───── Source material

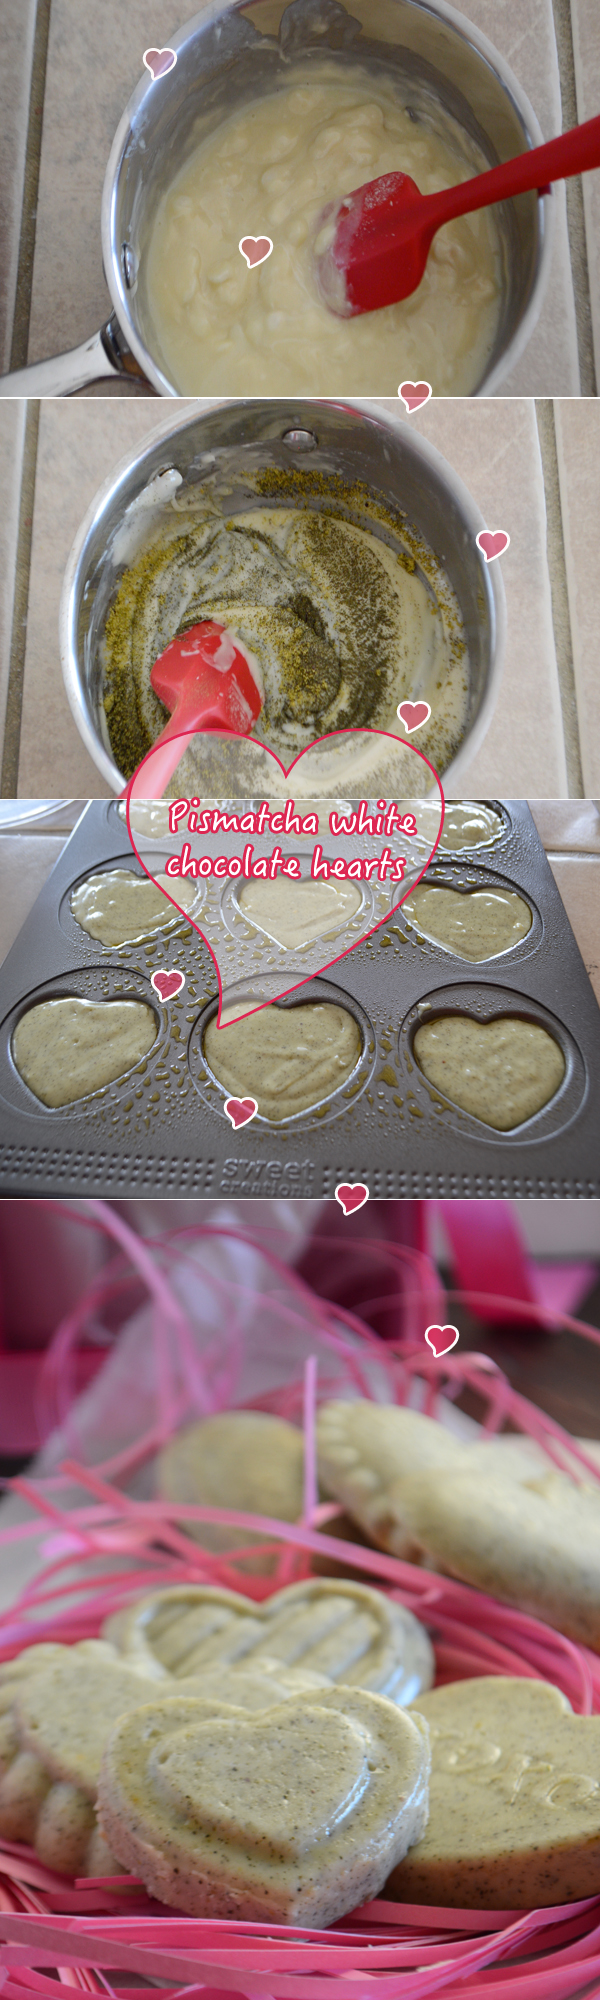 Easy valentine treats
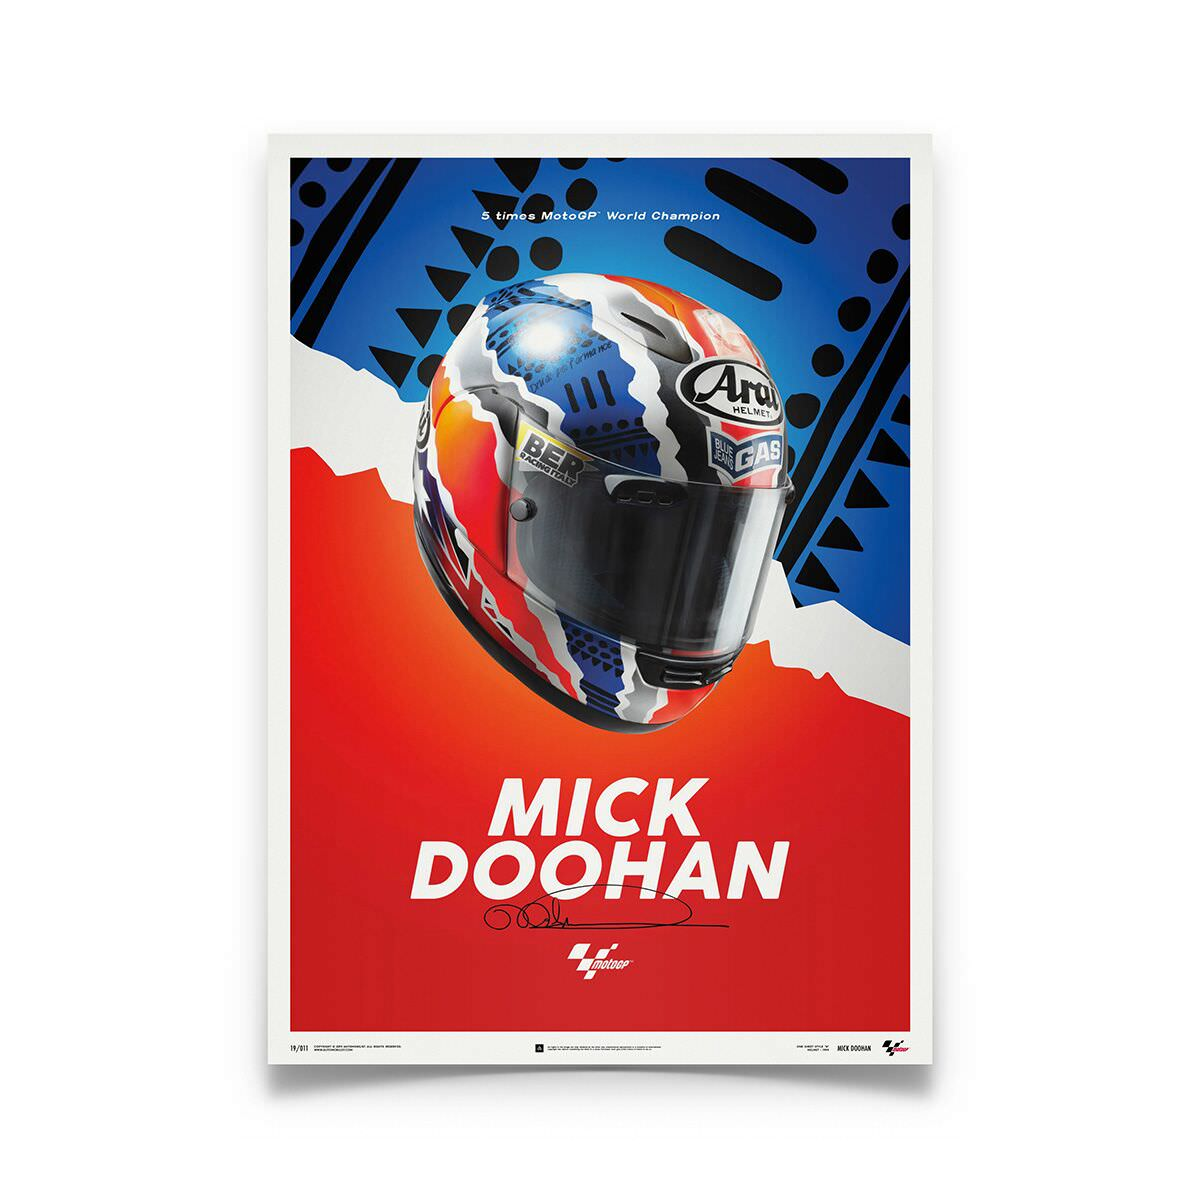 Product image for Mick Doohan Helmet 1999 Poster
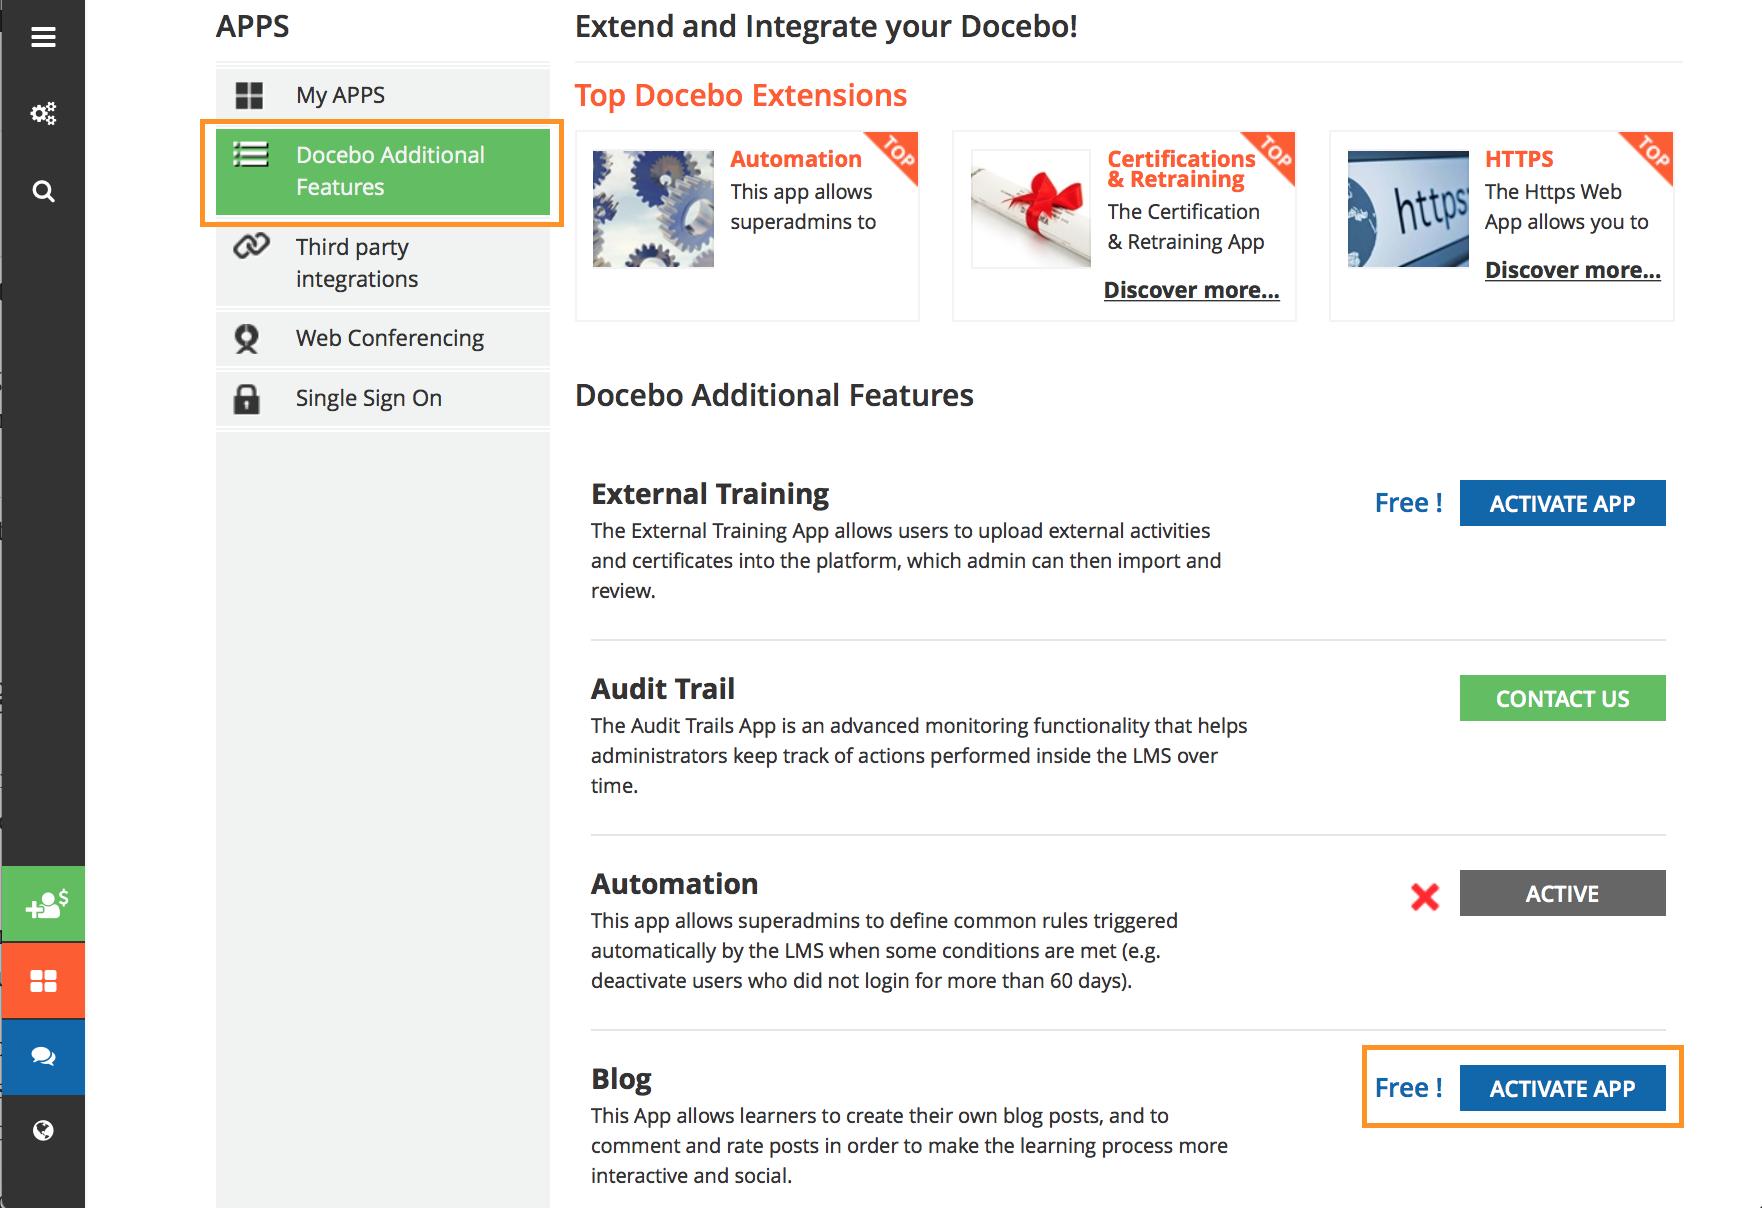 blog activate app

──────────

What to produce:
All of the data is to be returned exactly, with no pictures included.

Solution below:
 Easy valentine treats
 Product image for Mick Doohan Helmet 1999 Poster
 blog activate app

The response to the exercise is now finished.